Loss of nuclear SMARCE1 staining in tumor cells supports a diagnosis of clear cell meningioma. The report may also state whether a SMARCE1 mutation was identified.

BAP1 and PBRM1

BAP1 and PBRM1 are tumor suppressor genes that are involved in chromatin regulation. Loss or mutation of BAP1 is associated with rhabdoid and some high-grade meningiomas and is linked to the BAP1 tumor predisposition syndrome, which includes a risk of other cancers. PBRM1 mutations are enriched in papillary meningiomas and may be associated with aggressive behavior.

These genes can be evaluated by next-generation sequencing for mutations and by immunohistochemistry to assess protein expression in tumor cell nuclei.

The report may describe loss of BAP1 expression or PBRM1 mutation as high-risk features associated with more aggressive meningiomas. Loss of BAP1, particularly, supports a more malignant behavior and may prompt closer follow-up.

Prognosis

The prognosis for meningioma depends on many factors, including WHO grade, histologic subtype, tumor location, extent of surgical removal, and molecular features.

• WHO grade 1 tumors generally have an excellent prognosis, especially when completely removed, but they can recur, especially in difficult locations.

• WHO grade 2 tumors have a higher risk of recurrence and may require radiation therapy after surgery.

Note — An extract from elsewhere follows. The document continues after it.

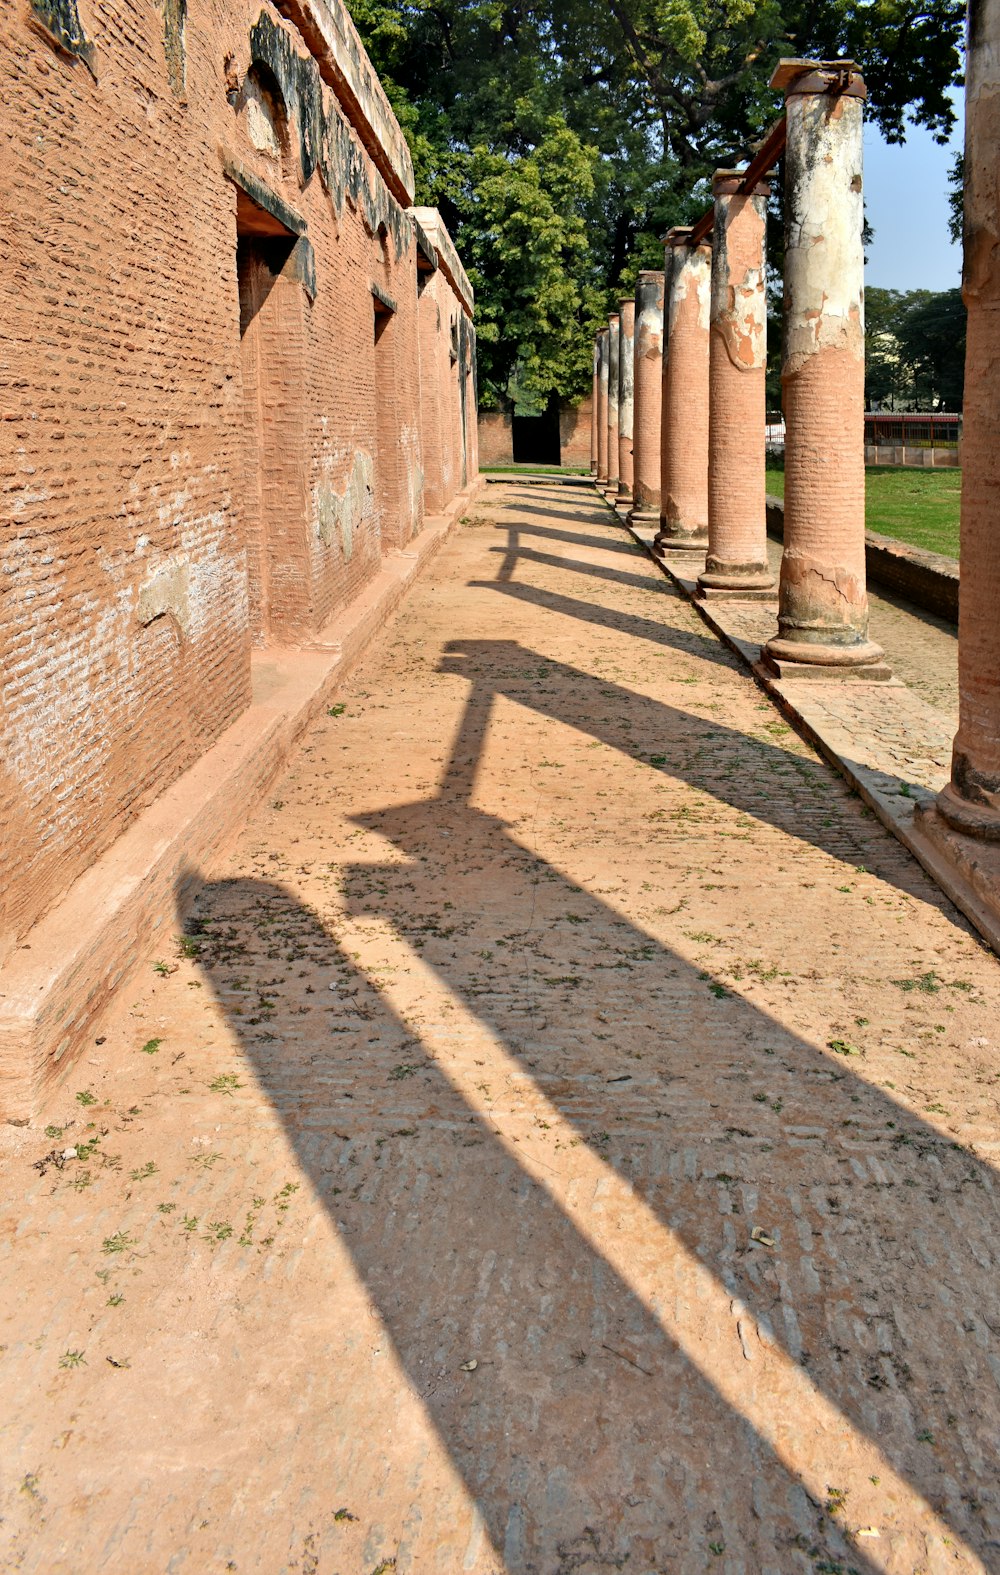 a long line of stone pillars in a park

• WHO grade 3 tumors are aggressive, often recur quickly, and carry a higher risk of metastasis and mortality.

Molecular features such as TERT promoter mutations, CDKN2A/CDKN2B deletions, and complex chromosomal changes are associated with worse outcomes and can help refine prognosis within each grade.

What happens after the diagnosis?

After a meningioma is diagnosed, your care team will discuss treatment options with you. In many cases, the main treatment is surgery to remove as much of the tumor as safely possible. For tumors that cannot be fully removed, or for higher-grade tumors, radiation therapy may be recommended. Some patients may be monitored with regular imaging if the tumor is small, not causing symptoms, or located in an area where surgery would be risky.

It is increasingly important that meningiomas undergo molecular testing for biomarkers such as TERT promoter status and CDKN2A/CDKN2B deletion, especially in atypical or anaplastic tumors or those that behave aggressively. These results can influence grading, prognosis, and eligibility for clinical trials or targeted therapies. Your doctors will also consider factors such as your age, general health, and preferences when planning treatment and follow-up.

Questions to ask your doctor

• What is the WHO grade and histologic subtype of my meningioma?

• Was the tumor completely removed, or is there residual tumor remaining?

• Are there any high-risk features, such as brain invasion, high mitotic count, or necrosis?

• Were any molecular changes, such as TERT promoter mutation, CDKN2A/CDKN2B deletion, or NF2 mutation, identified?

• Do you recommend radiation therapy or other treatments in addition to surgery?

• How often will I need imaging and follow-up visits?

• What symptoms should I watch for that might suggest recurrence?

• Are there any clinical trials or targeted therapies that might be appropriate for my type of meningioma?